Your objective -> Transcribe exactly the line that contains "#positivenews #Chhattisgarh" and every line after it through the end of the records, with nothing else.

——

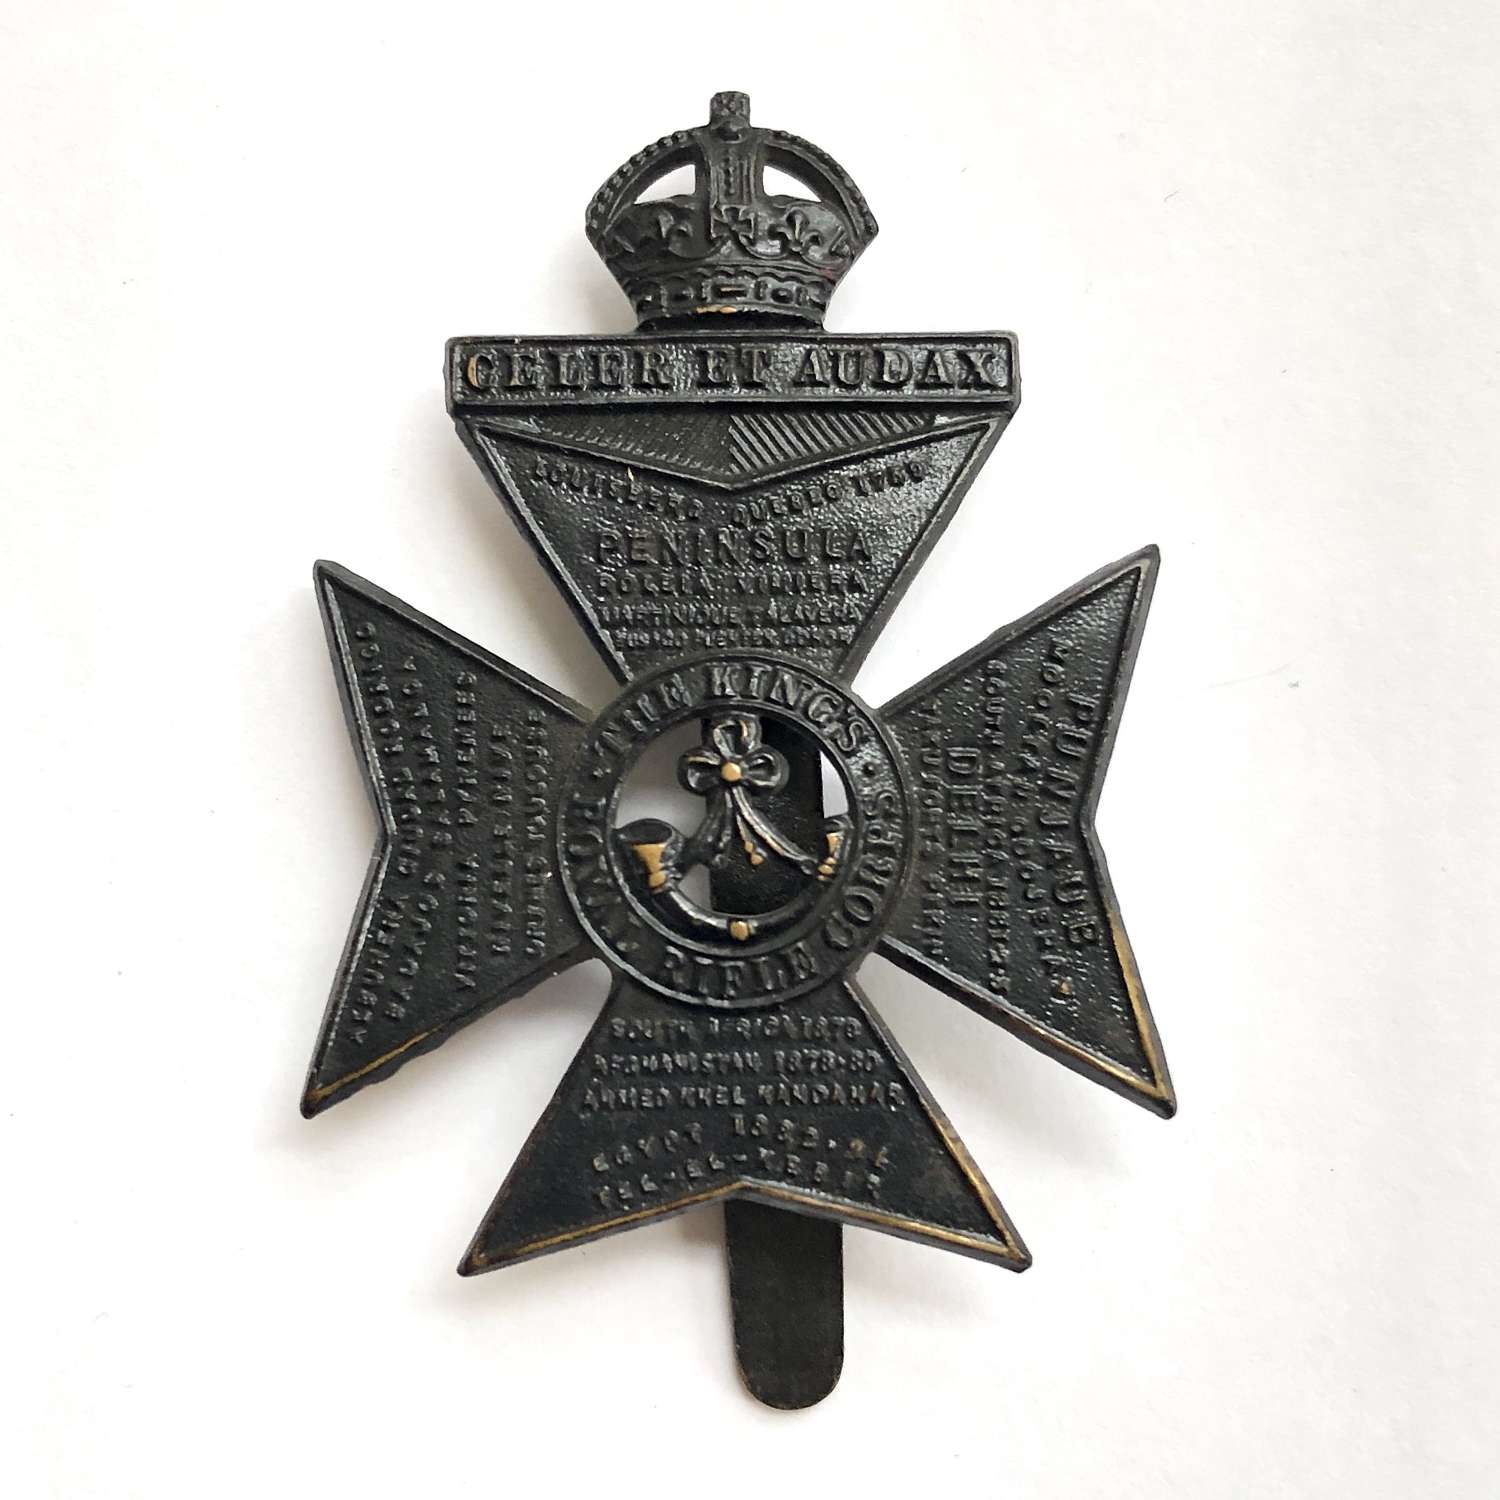 King’s Royal Rifle Corps Edwardian cap badge circa 1901-05
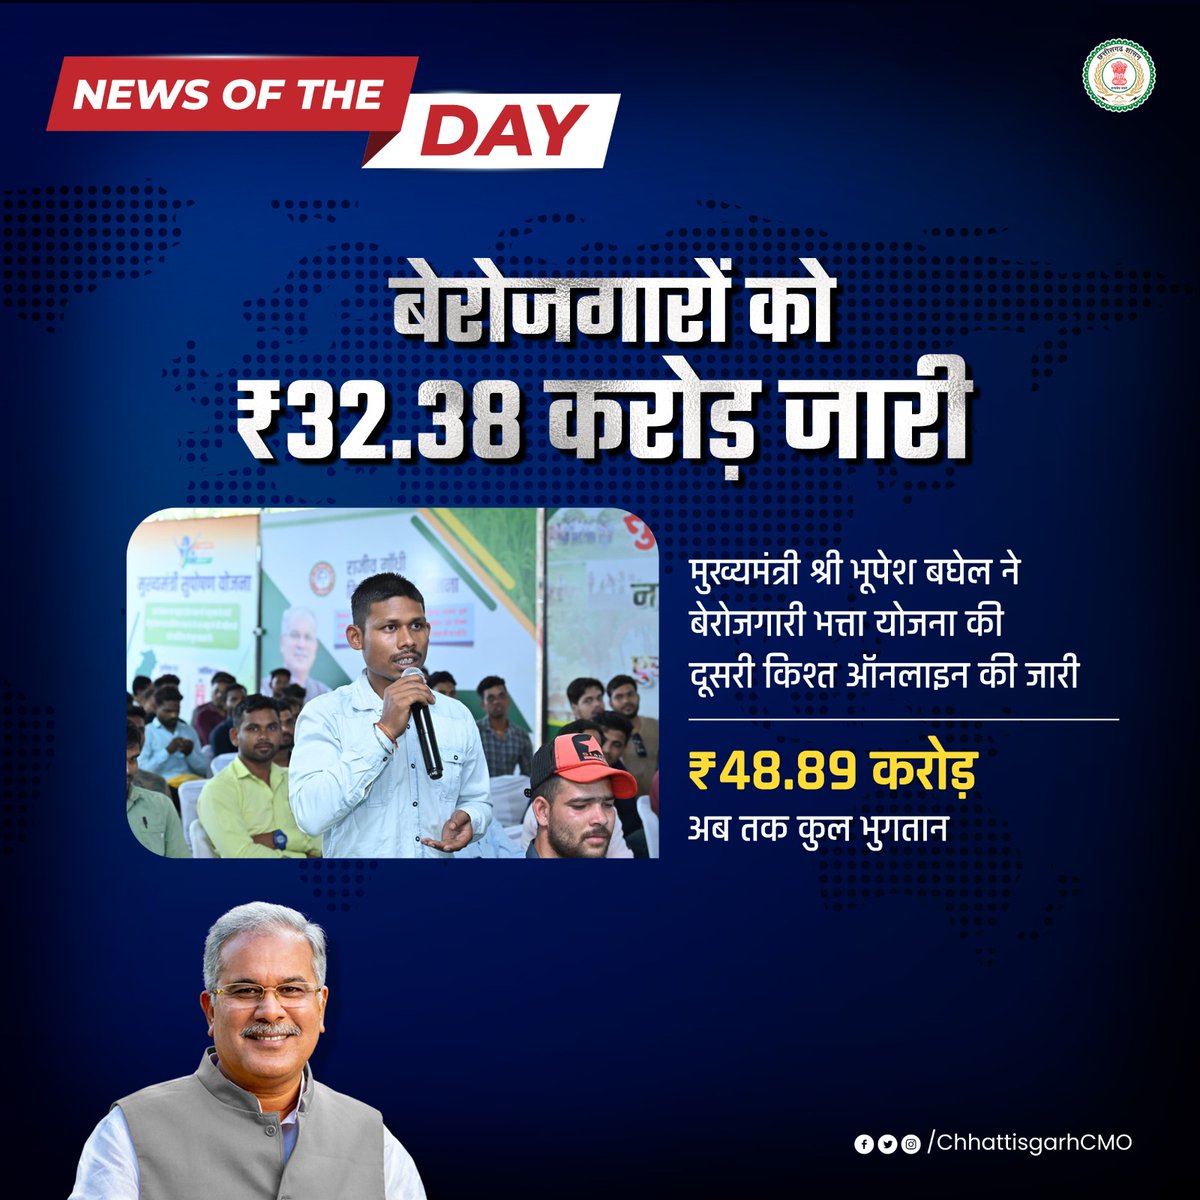 #NewsOfTheDay
बेरोजगारों को ₹32.38 करोड़ जारी

#positivenews #Chhattisgarh
#CGModel
#छत्तीसगढ़_सरकार_भरोसे_की_सरकार
@bhupeshbaghel

——

Task result ->
#positivenews #Chhattisgarh
#CGModel
#छत्तीसगढ़_सरकार_भरोसे_की_सरकार
@bhupeshbaghel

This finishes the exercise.